The timings of each is printed out.
from multiprocessing import Pool
import time
import signal
def init_pool():
signal.signal(signal.SIGINT, signal.SIG_IGN)
def process_number(number: int):
# processes the number
return number * number
N_TRIALS = 10
list_size = 100_000
def non_multiprocessing():
t = time.time()
control = 1
for _ in range(N_TRIALS):
result = [process_number(n) for n in range(control, control + list_size)]
print(control, result[0], result[-1])
control += list_size
return time.time() - t
def multiprocessing_1():
t = time.time()
# No reason to create the pool over and over again:
with Pool() as p:
control = 1
for _ in range(N_TRIALS):
value_n_list = [n for n in range(control, control + list_size)]
result = p.map(process_number, value_n_list)
print(control, result[0], result[-1])
control += list_size
return time.time() - t
def multiprocessing_2():
t = time.time()
control = 1
for _ in range(N_TRIALS):
# Create the pool over and over again:
with Pool() as p:
value_n_list = [n for n in range(control, control + list_size)]
result = p.map(process_number, value_n_list)
print(control, result[0], result[-1])
control += list_size
return time.time() - t
def init_pool():
signal.signal(signal.SIGINT, signal.SIG_IGN)
def multiprocessing_3():
t = time.time()
# No reason to create the pool over and over again:
with Pool(initializer=init_pool) as p:
try:
control = 1
for _ in range(N_TRIALS):
value_n_list = [n for n in range(control, control + list_size)]
result = p.map(process_number, value_n_list)
print(control, result[0], result[-1])
control += list_size
except KeyboardInterrupt:
print('Ctrl-c entered.')
return time.time() - t
if __name__ == '__main__':
print('non_multiprocessing:', non_multiprocessing(), end='\n\n')
print('multiprocessing_1:', multiprocessing_1(), end='\n\n')
print('multiprocessing_2:', multiprocessing_2(), end='\n\n')
print('multiprocessing_3:', multiprocessing_3(), end='\n\n')
Prints:
1 1 10000000000
100001 10000200001 40000000000
200001 40000400001 90000000000
300001 90000600001 160000000000
400001 160000800001 250000000000
500001 250001000001 360000000000
600001 360001200001 490000000000
700001 490001400001 640000000000
800001 640001600001 810000000000
900001 810001800001 1000000000000
non_multiprocessing: 0.11899852752685547
1 1 10000000000
100001 10000200001 40000000000
200001 40000400001 90000000000
300001 90000600001 160000000000
400001 160000800001 250000000000
500001 250001000001 360000000000
600001 360001200001 490000000000
700001 490001400001 640000000000
800001 640001600001 810000000000
900001 810001800001 1000000000000
multiprocessing_1: 0.48778581619262695
1 1 10000000000
100001 10000200001 40000000000
200001 40000400001 90000000000
300001 90000600001 160000000000
400001 160000800001 250000000000
500001 250001000001 360000000000
600001 360001200001 490000000000
700001 490001400001 640000000000
800001 640001600001 810000000000
900001 810001800001 1000000000000
multiprocessing_2: 2.4370007514953613
1 1 10000000000
100001 10000200001 40000000000
200001 40000400001 90000000000
300001 90000600001 160000000000
400001 160000800001 250000000000
500001 250001000001 360000000000
600001 360001200001 490000000000
700001 490001400001 640000000000
800001 640001600001 810000000000
900001 810001800001 1000000000000
multiprocessing_3: 0.4850032329559326
Even with creating the pool once, multiprocessing took approximately 4 times longer than a straight non-multiprocessing implementation.
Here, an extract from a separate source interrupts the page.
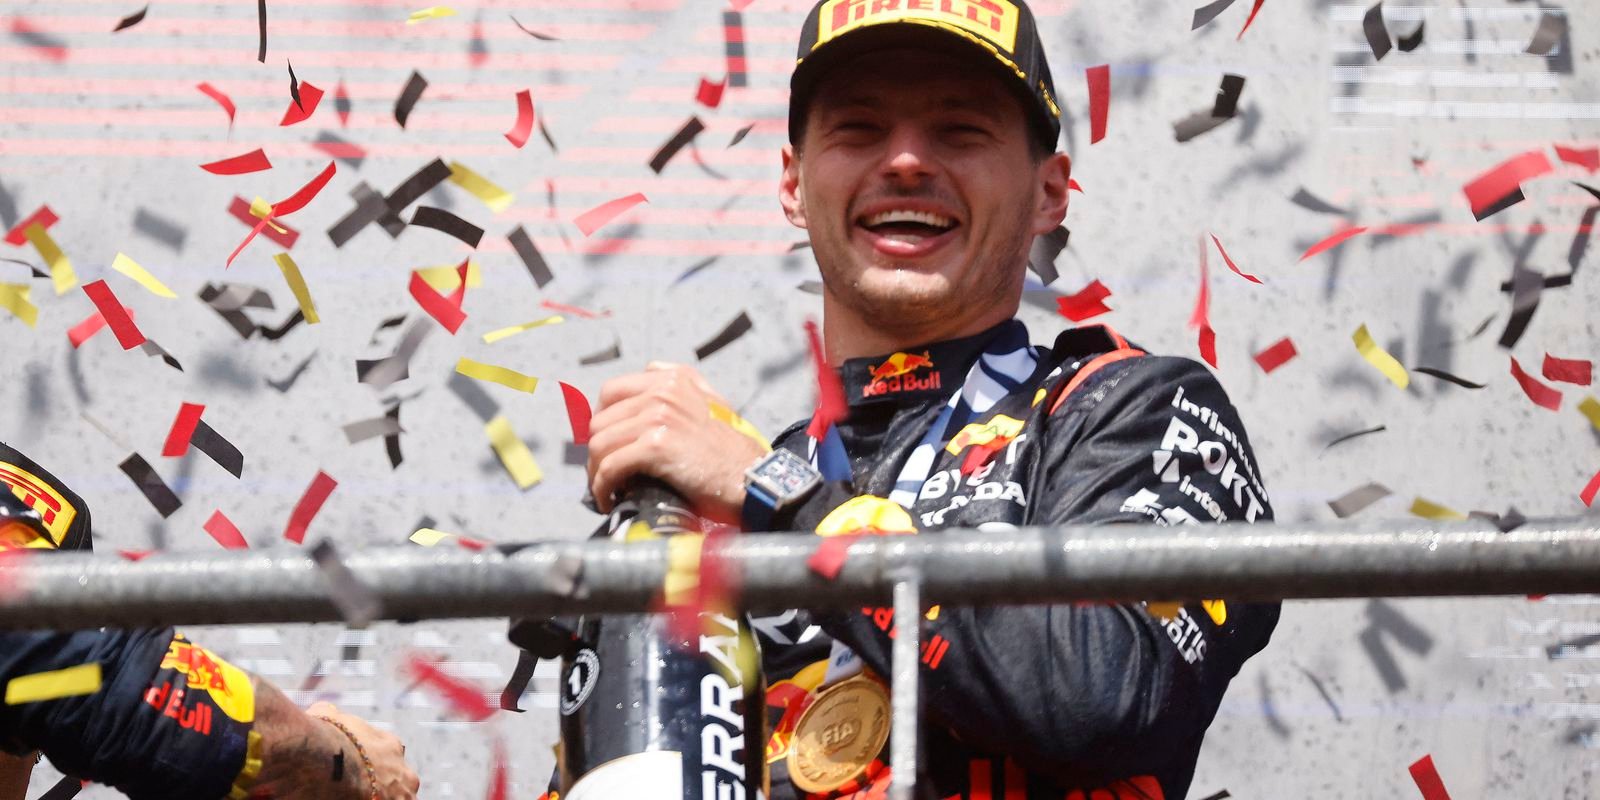 Líder do campeonato, Verstappen conquista 8ª vitória consecutiva na F1
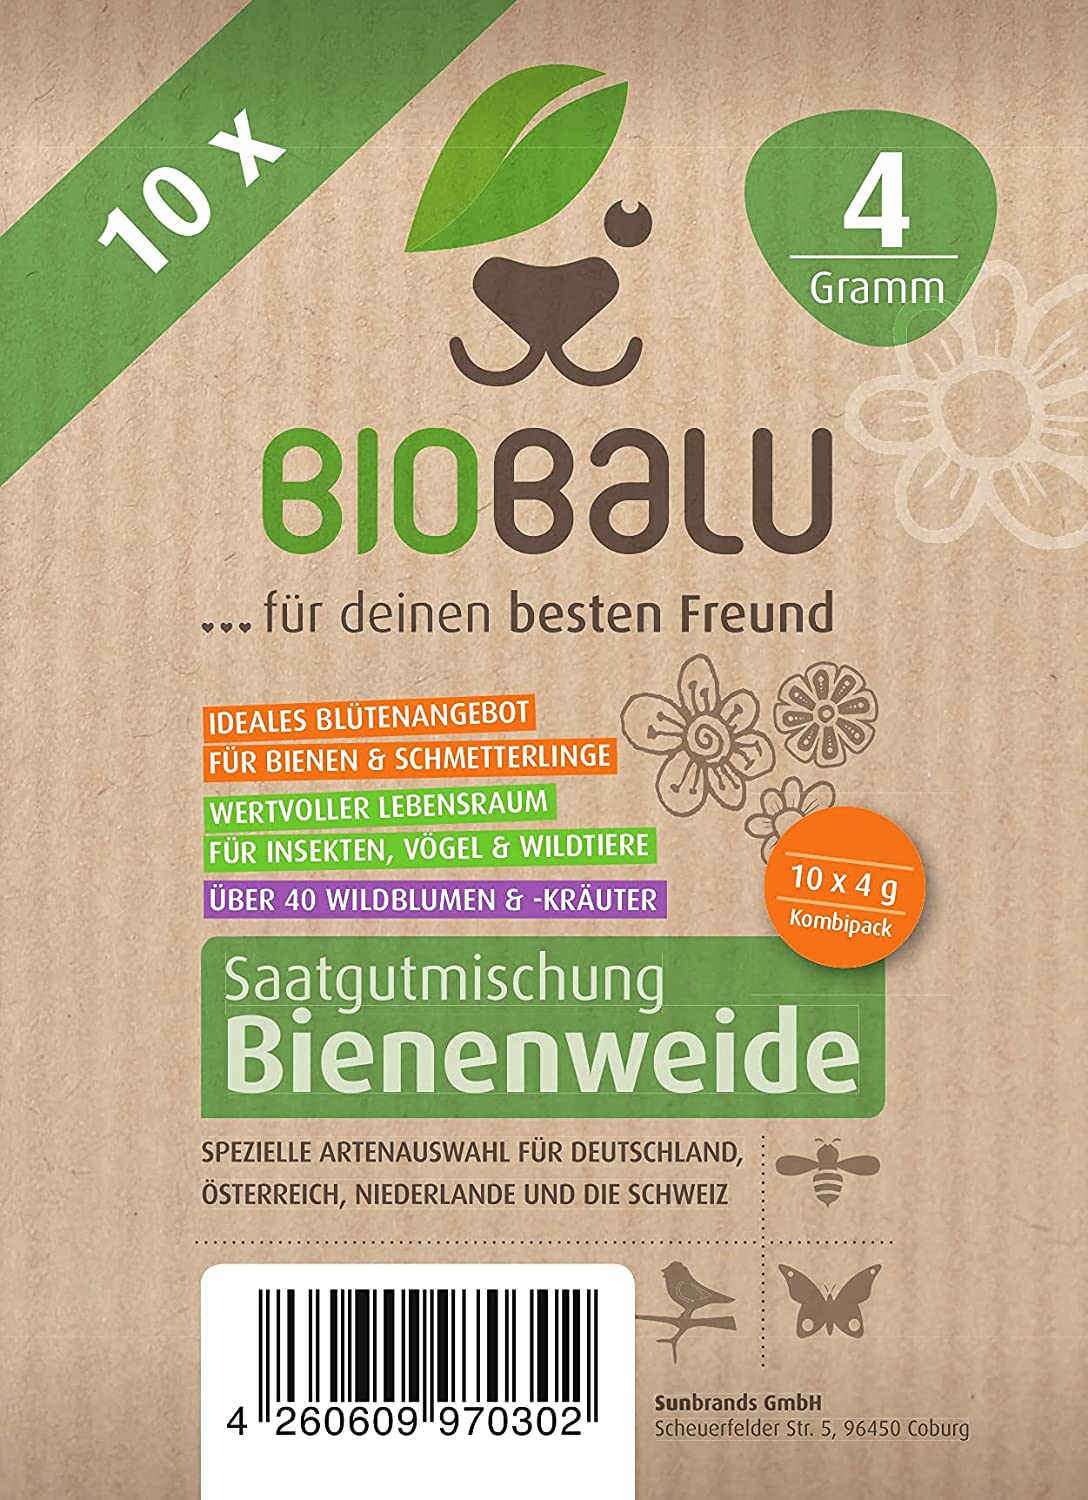 Biobalu Bienenweide Promo - 100x4g

But it runs approximately 5 times faster than the version that re-creates the pool for each of the 10 iterations. As expected, the running time of multiprocessing_3
is essentially identical to the running time for multiprocessing_1
, i.e. the Ctrl-c code has no effect on the running behavior.
Conclusions
- The Linux Ctrl-c code should have no significant effect on the running behavior of the program.
- Moving the pool-creation code outside the loop should greatly reduce the running time of the program. As to what effect, however, it should have on CPU-utilization, I cannot venture a guess.
- Your problem is not a suitable candidate as is for multiprocessing.